The combination of data coming from multiple sources, and constituting databases, with significant possibility of integration and complex aggregation and discriminant analyses, defines the so-called Big Data, which intrinsically refers to extensive datasets, widely informative for a large number and variety of persons.

In fact, large and rapidly increasing amount of data (Volume), their multiple sources (i.e., clinical studies, registries, small database, administrative database, patient-reported outcomes, genomic profiles and environmental parameters) (Variety), the rapid data accumulation (Velocity) and their ability to truly represent a specific context (Veracity) characterize Big Data [1].

Analyses of these data may unveil patterns, trends and associations, and define reference models in aggregations of persons [2]. As data digitalization and information technology (IT) are spreading and improving performance [3,4,5], the use of Big Data is steeply increasing, becoming progressively a reference for many typical processes in medicine, such as the identification of the appropriate therapeutic choice by tailoring therapeutic options, the evaluation of short and mid-term, procedure-related or unrelated, risks of adverse events and the definition of the prognosis. To such an extent, Big Data may generate the basis for precision medicine, as factors impacting event occurrence is progressively available for the single subject and may improve effectiveness of cardiovascular therapies [6].

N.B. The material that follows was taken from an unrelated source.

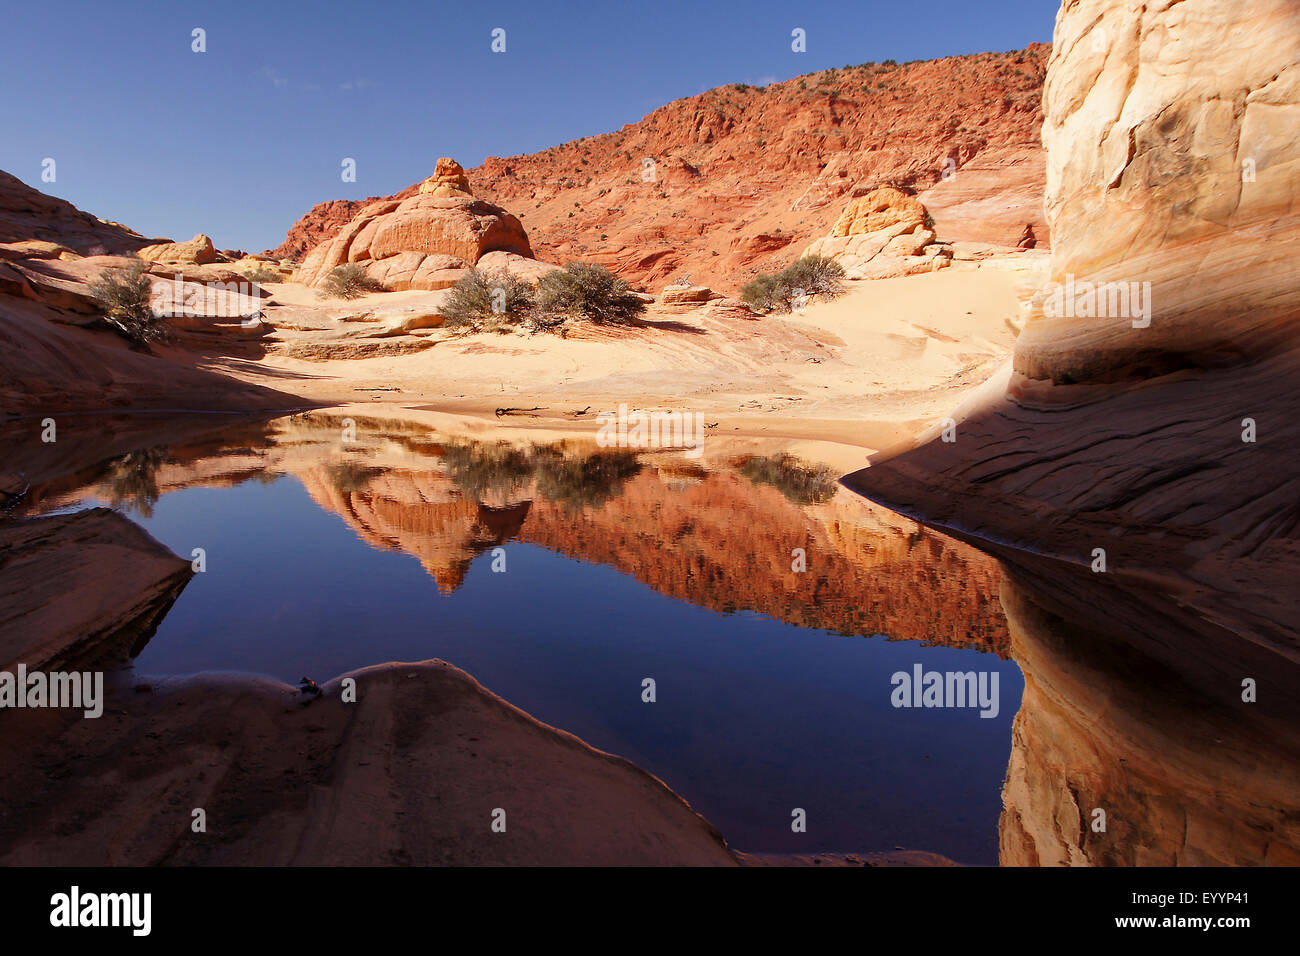 sand rock formation mirroring in a lake, USA, Arizona, Vermilion Cliffs National Monument Stock Photo

The place of Big Data is far from being well determined. Figure 1 offers a graphical synthesis of the present and future of Big Data.

Fig. 1
figure 1

Big Data elaboration allows an improvement of risk management, and diagnostic or therapeutic strategies in cardiac surgery. The future challenge will be the practical application in healthcare

Big Data: sources and analysis

The key points of the application of Big Data are the clinical usefulness and the balance between costs of sophisticated data analyses and the expected and real benefits (i) to patients, in terms of quality of care, outcomes and risk prediction; (ii) to operators, in terms of quality and security of processes, from the diagnosis to the choice of therapeutic options, in a perspective of resources saving.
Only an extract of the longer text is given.